Wraps your system prompt + large context with cache_control automatically.

First call caches it. Every call after is free. CLAUDE.md loads at zero cost on calls 2+.

📊

Live dashboard

Opens in your browser on start. No login, no setup. Persists to ~/.skim/events.db.

Real-time SSE updates — watch tokens & cost as they happen.

Auto-detected waste signatures

File	Detected by
`package-lock.json`	`"lockfileVersion"` + `"resolved": "https://"`
`yarn.lock`	`# yarn lockfile v1` + `resolved`
`pnpm-lock.yaml`	`lockfileVersion:` + `resolution:`
`Cargo.lock`	`@generated` + `[[package]]`
`poetry.lock`	`@generated` + `[[package]]`
`composer.lock`	`"content-hash":` + `"packages":`

Plus anything in your project's .llmignore. Stripped blocks are replaced with a one-line note showing what was removed and how to disable it.

How plan detection works

One method, _auth_type(), owns all routing logic:

_auth_type() → ("apikey", key)    # API plan      → filtering + caching + tracking
             → ("oauth",  token)  # Pro/Max plan  → filtering + tracking (no cache injection)
             → ("", "")           # no auth       → 401

Adding a new plan type (enterprise SSO, team tokens) is a single elif. Caching injection is skipped for Pro/OAuth because the Pro plan manages its own cache layer.

📊 Dashboard

Five fully-built pages. Dark theme, live charts, real-time SSE updates — no refresh button needed.
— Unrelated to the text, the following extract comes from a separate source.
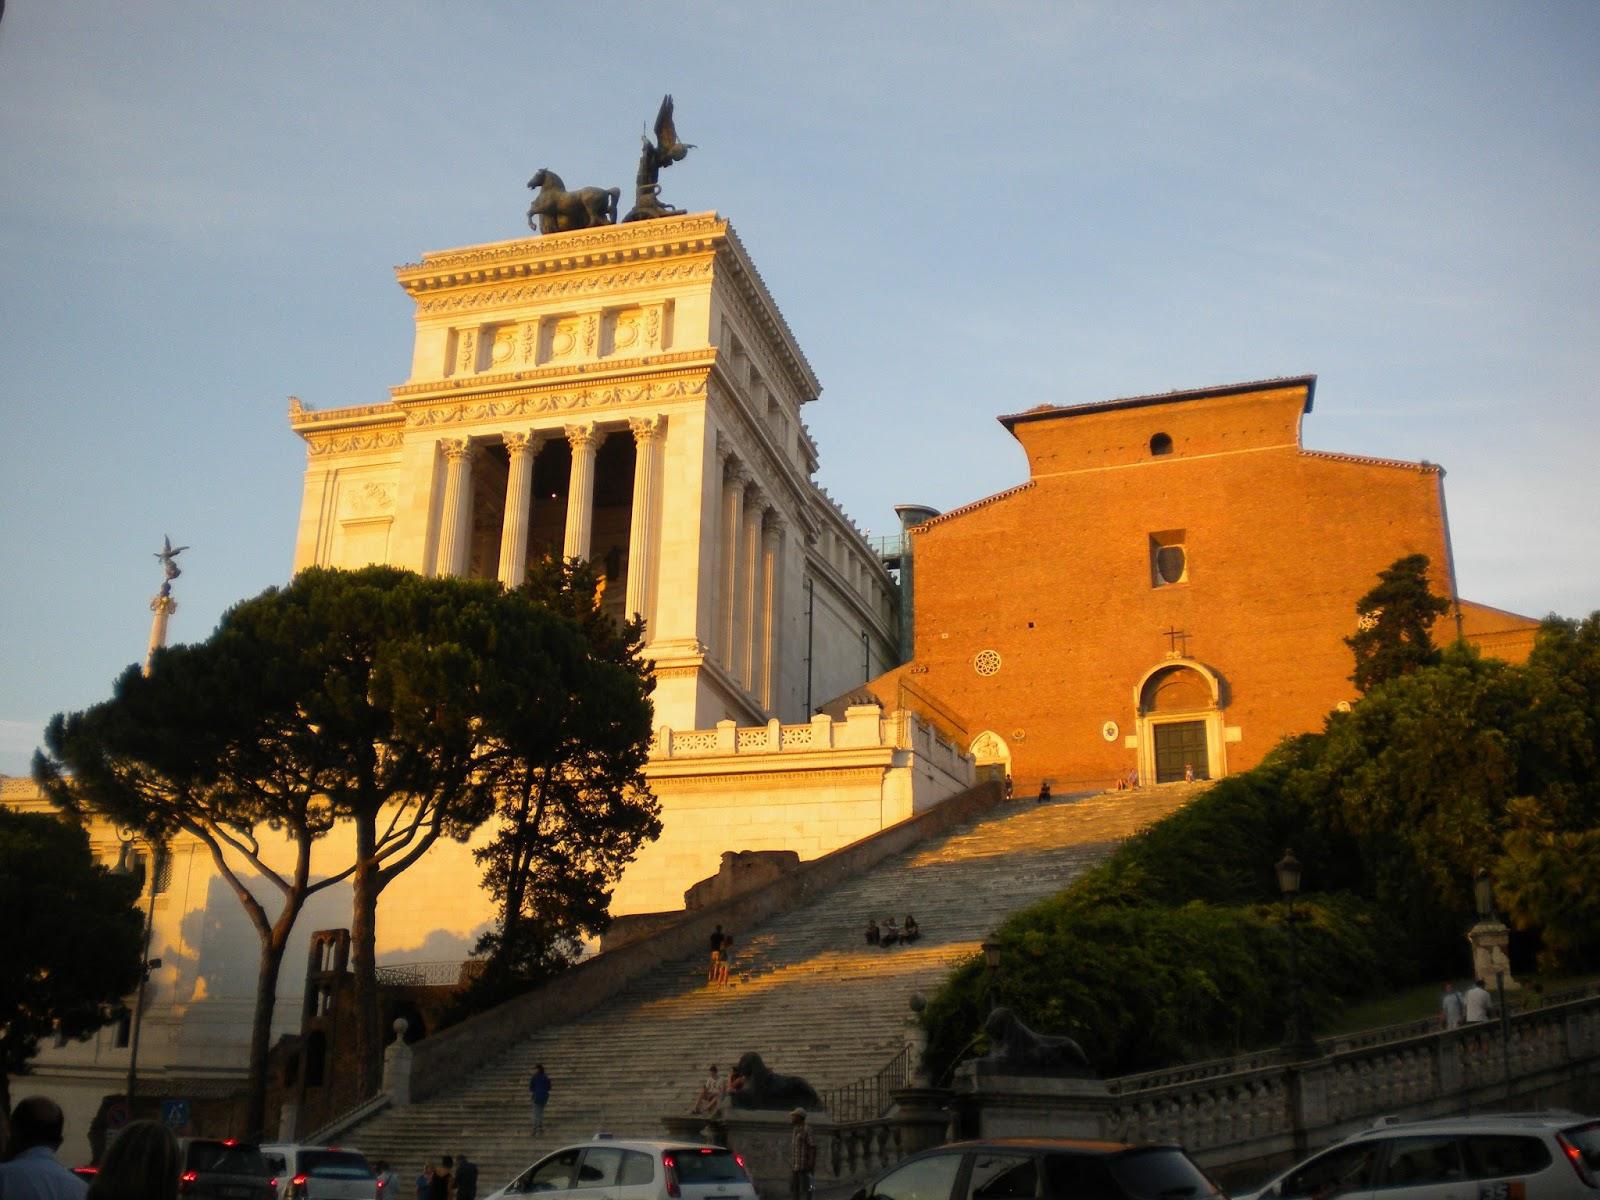 Castel Santangelo Mausoleo
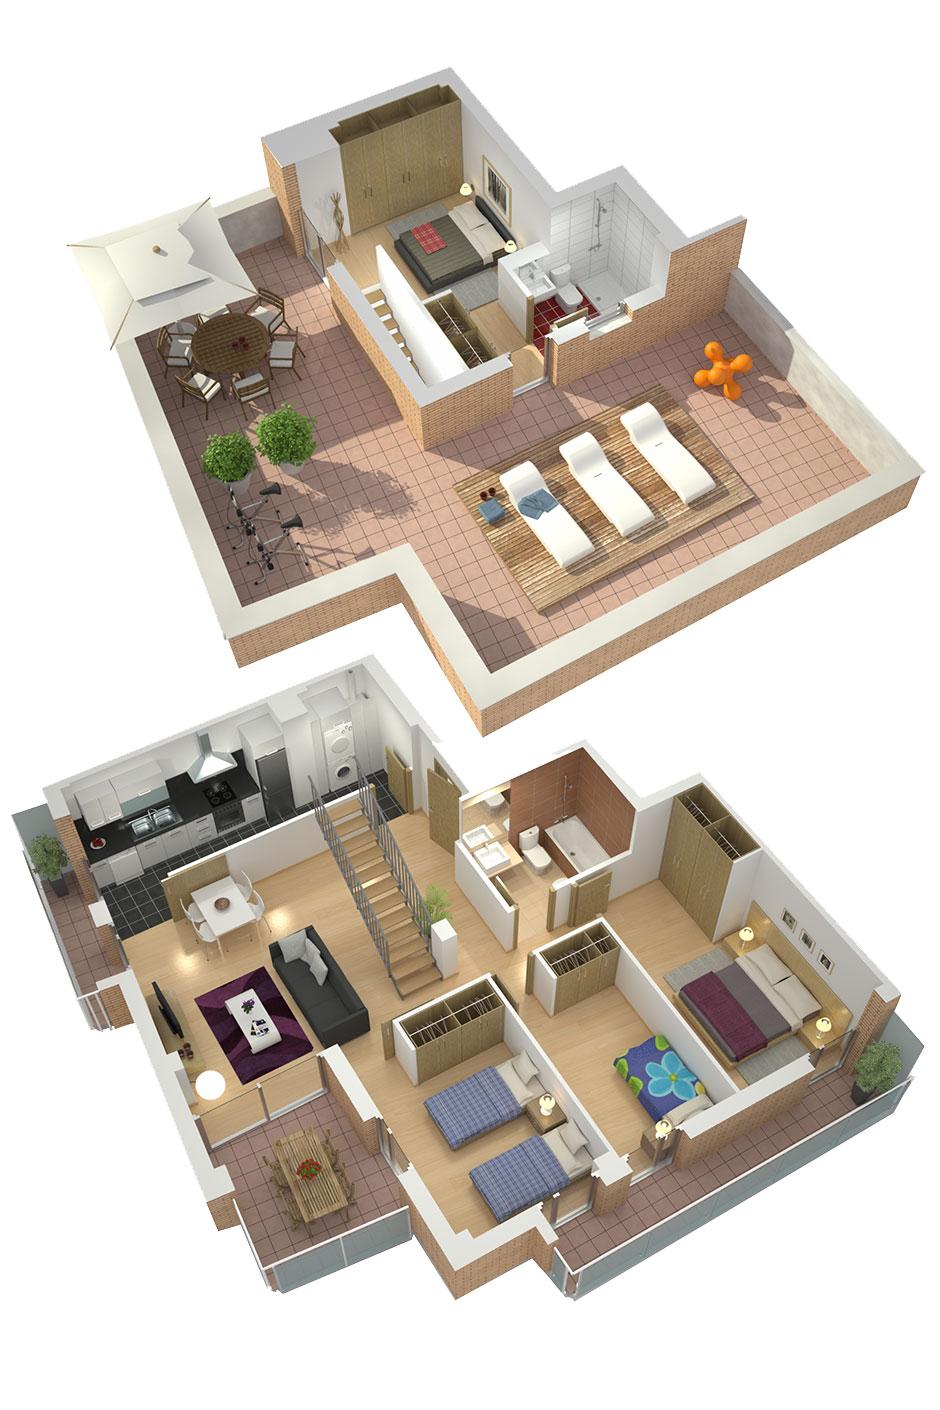 estudibasic-plantas-3d-axonometricas-casas

🟣 Overview	⚡ Sessions	📈 Usage	🤖 Models	💰 Savings
tokens, cost, savings, cache	full call log, searchable	hourly + daily charts	cost/1k, cache %, waste %	cumulative savings & ROI

skim proxy              # local dashboard, zero setup, opens in browser

The local dashboard works for everyone — solo devs, Pro users, anyone. Data never leaves your machine unless you explicitly connect a team server.

🏢 Enterprise

[!IMPORTANT] Everything below is open-source and self-hosted — same pip package, no paywall, no telemetry.

🛡️ Budget enforcement

Hard-block calls that exceed token/cost limits. Proxy returns 429 before forwarding.

skim admin budget set --owner-type team \
  --owner-id engineering --usd 500 --period monthly

🔔 Webhook alerts

Slack (& Teams) or any HTTP endpoint on budget events.

skim admin webhooks add --channel slack \
  --url https://hooks.slack.com/...

✉️ User invites

Self-registration via single-use links. No manual accounts.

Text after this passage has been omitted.